All morning, out in the pasture, Trixie watched Jupiter sail proudly over the bars and watched Brian on Starlight and Mart on Strawberry take their turns.
It looked so easy, even for Honey on Lady. But, somehow, even though Trixie brought Susie right up to the bar at a romping gallop, the little horse turned her head and just walked around it.
“I’ll never be able to jump,” Trixie told Regan, almost in tears.

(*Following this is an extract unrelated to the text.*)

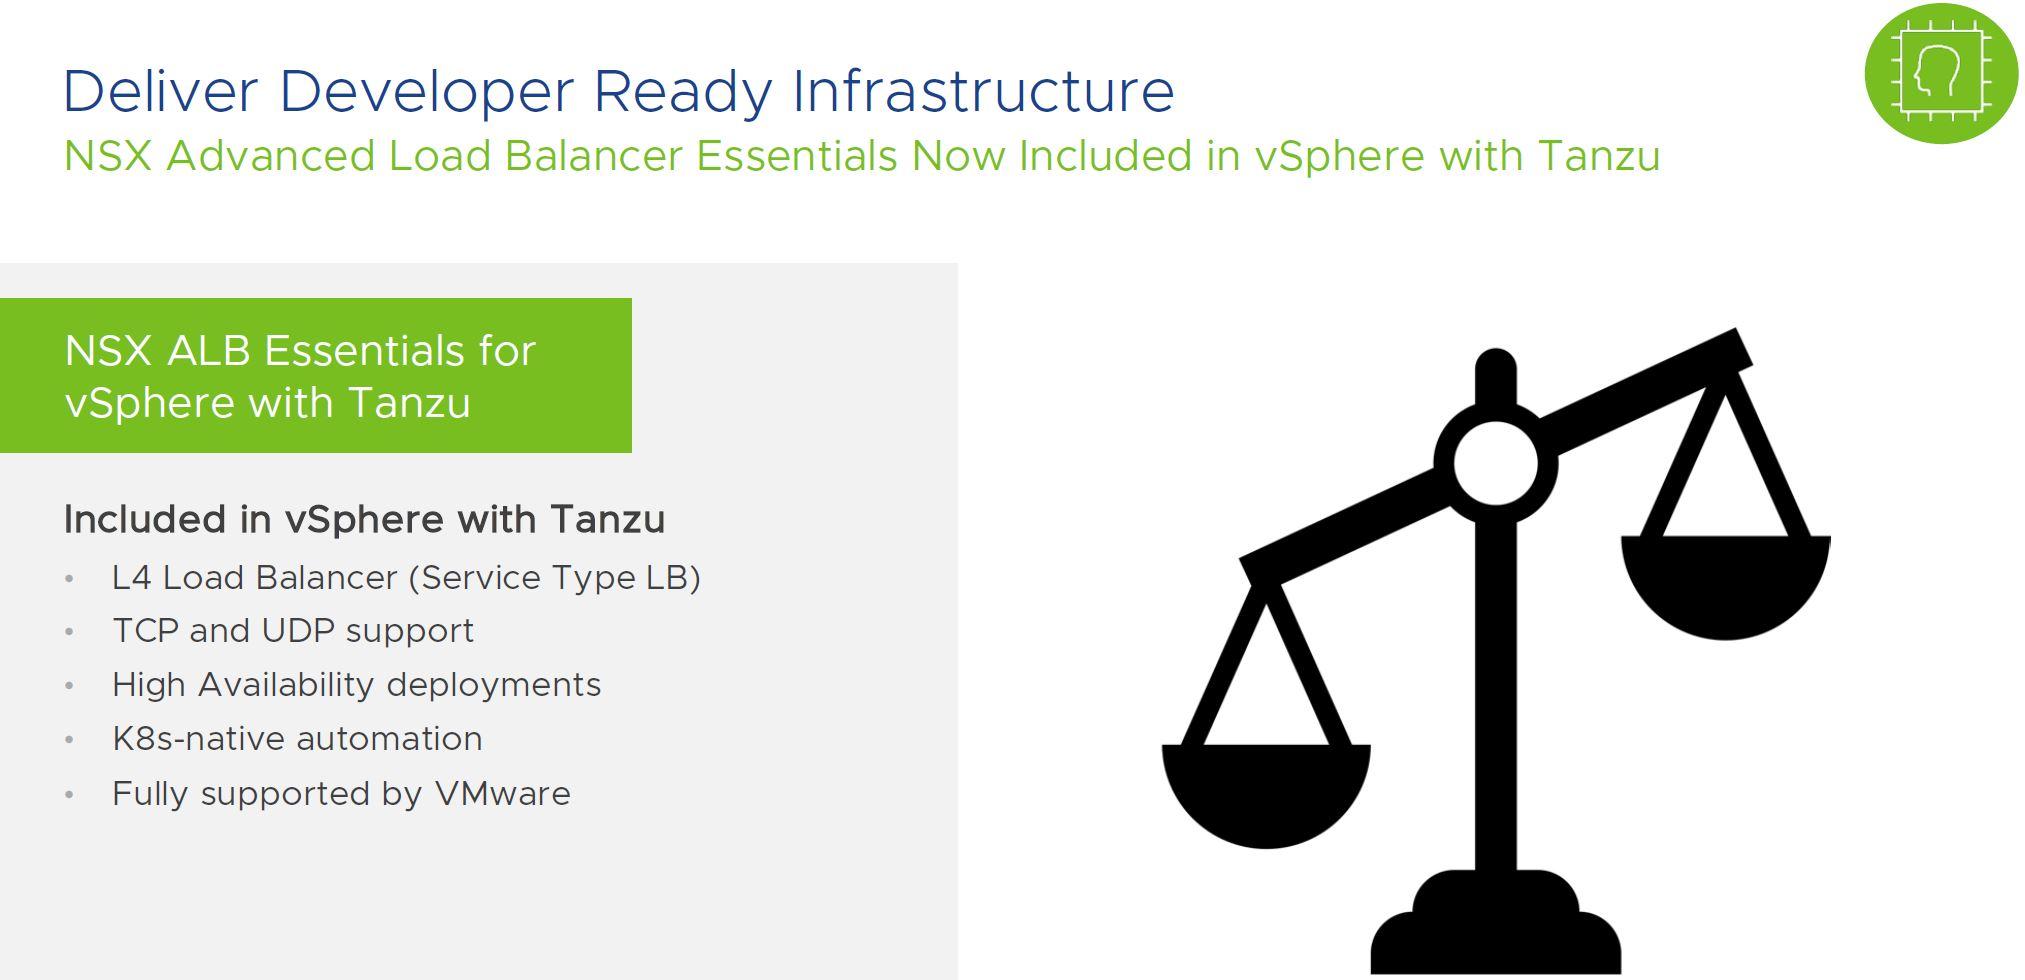 VMware NSX Advanced Load Balancer

“That’s right,” he agreed. “You never will and Susie never will, unless you keep your mind on what you are doing. Susie can take those jumps without half trying. The trouble is with you. Try it again. This time put your heart into it. If you throw your heart and your mind into the effort, you and the horse will jump together.”
“We’ll try it, Regan,” Trixie said, ashamed. “This time I think we’re going to make it.”
When her turn came, Trixie circled the jumps several times, talking to Susie, petting her, and encouraging her. Then, confidently, she headed for the first hurdle, rose lightly over Susie’s withers, and gave the takeoff signal.
Up they soared—and over!
A cry went up from the other Bob-Whites, who had watched, without comment, Trixie’s many attempts and failures.
“Susie never touched the bar with her hooves!” Trixie called triumphantly. “May I try it again, Regan, even if it’s out of turn?”
“Go ahead,” Regan said. “Good girl! Keep at it while the going’s good!”
When she slowed at the end of four jumps, Trixie turned Susie and cantered up to where Regan was standing.
“That was real show riding,” he told her. “Nothing to it, is there, Trixie?”